TASK_FILE = first argument that is a file path or filename
TASK_FILE = 第一个为文件路径或文件名的参数
Parse --target-quality (supports single value or two comma-separated values)
解析--target-quality(支持单个值或两个逗号分隔值)
if --target-quality has single value X.X:
THRESHOLD_FOR_STANDARD_COMPONENTS = X.X
THRESHOLD_FOR_CRITICAL_COMPONENTS = X.X
elif --target-quality has two values X.X,Y.Y:
THRESHOLD_FOR_STANDARD_COMPONENTS = X.X
THRESHOLD_FOR_CRITICAL_COMPONENTS = Y.Y
else:
THRESHOLD_FOR_STANDARD_COMPONENTS = 4.0 # default
THRESHOLD_FOR_CRITICAL_COMPONENTS = 4.5 # default
if --target-quality 为单个值 X.X:
THRESHOLD_FOR_STANDARD_COMPONENTS = X.X
THRESHOLD_FOR_CRITICAL_COMPONENTS = X.X
elif --target-quality 为两个值 X.X,Y.Y:
THRESHOLD_FOR_STANDARD_COMPONENTS = X.X
THRESHOLD_FOR_CRITICAL_COMPONENTS = Y.Y
else:
THRESHOLD_FOR_STANDARD_COMPONENTS = 4.0 # 默认值
THRESHOLD_FOR_CRITICAL_COMPONENTS = 4.5 # 默认值
Initialize other defaults
初始化其他默认值
MAX_ITERATIONS = --max-iterations || 3 # default is 3 iterations
HUMAN_IN_THE_LOOP_STEPS = --human-in-the-loop || [] (empty = none, "*" = all)
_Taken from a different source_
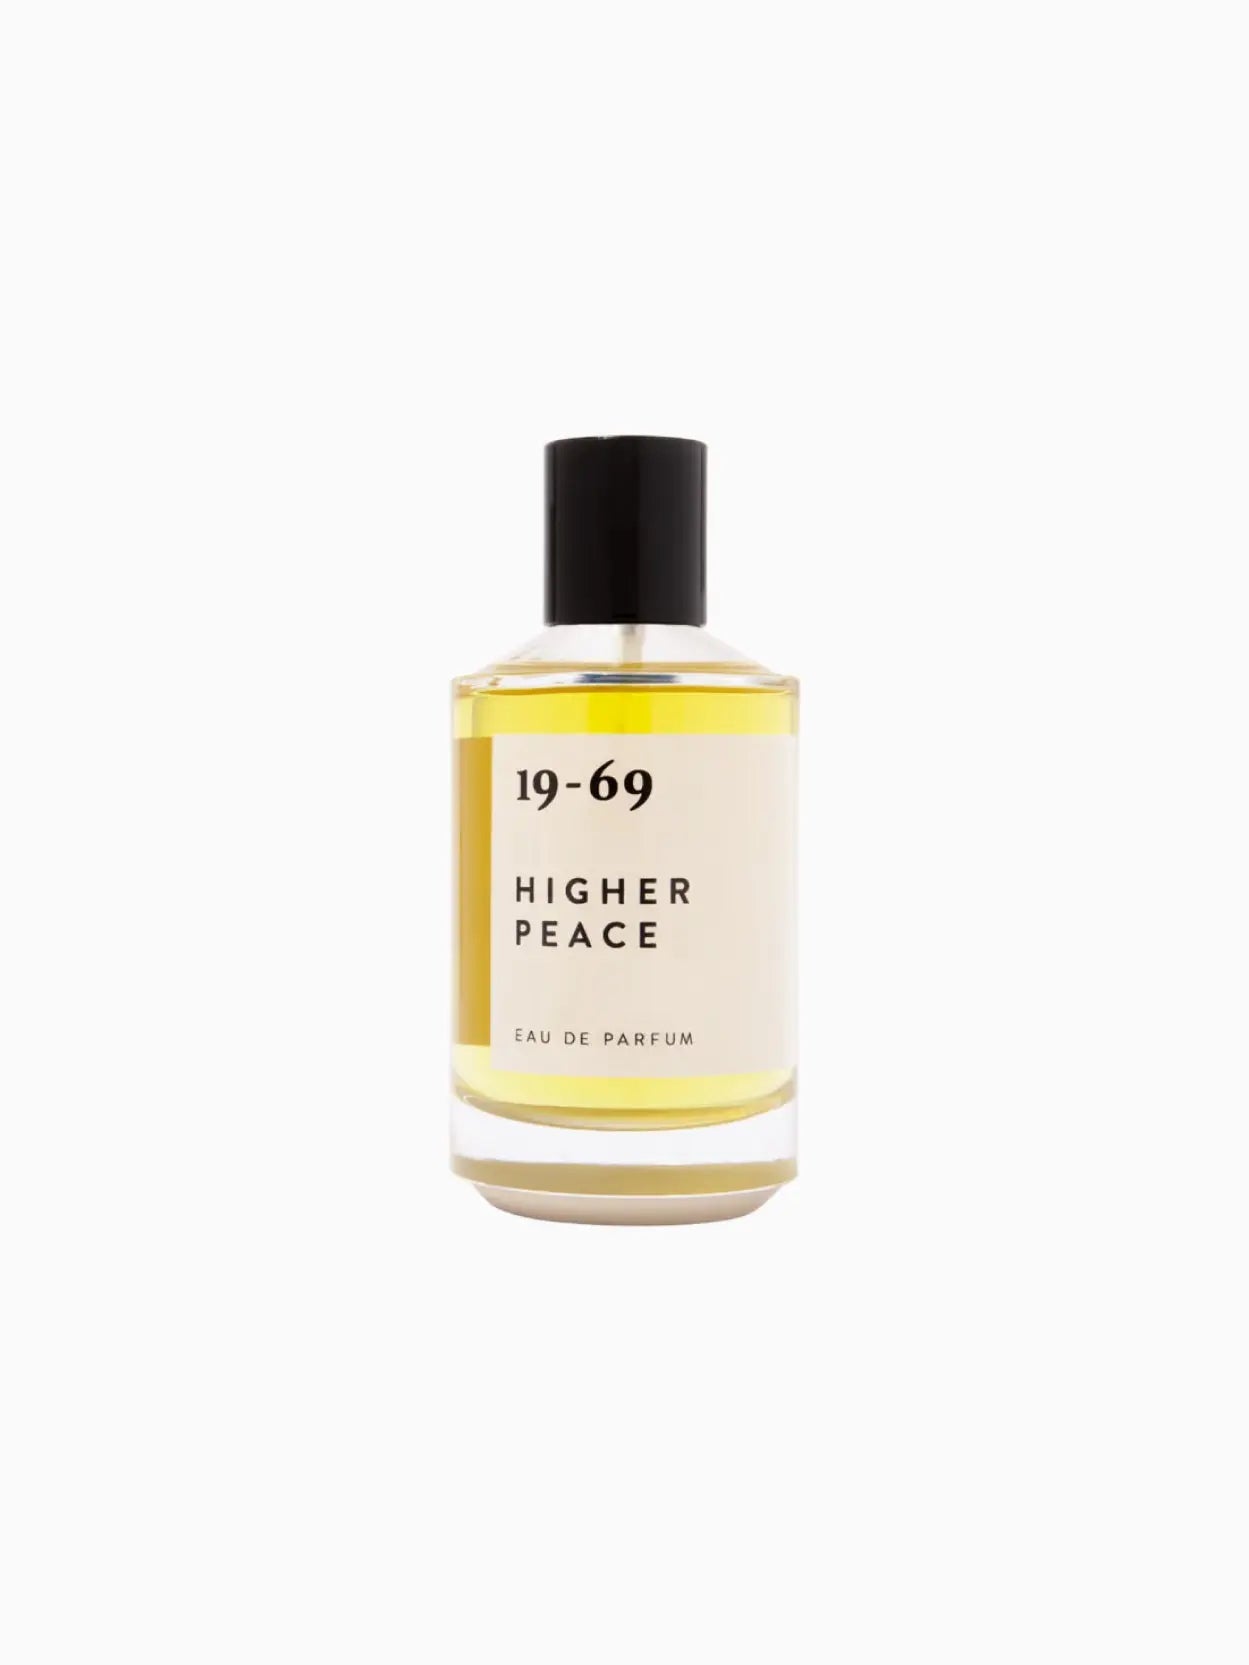 A bottle of perfume with a yellow liquid inside. The label reads "Higher Peace 100ml." The bottle, available at Bassalstore in Barcelona, features a black cap and minimalist design against a plain white background.

SKIP_JUDGES = --skip-judges || false
REFINE_MODE = --refine || false
CONTINUE_MODE = --continue || false
MAX_ITERATIONS = --max-iterations || 3 # 默认3次迭代
HUMAN_IN_THE_LOOP_STEPS = --human-in-the-loop || [](空数组表示无,"*"表示所有步骤)
SKIP_JUDGES = --skip-judges || false
REFINE_MODE = --refine || false
CONTINUE_MODE = --continue || false
Special handling for --human-in-the-loop without step list
--human-in-the-loop未指定步骤列表的特殊处理
if --human-in-the-loop present without step numbers:
HUMAN_IN_THE_LOOP_STEPS = "*" (all steps)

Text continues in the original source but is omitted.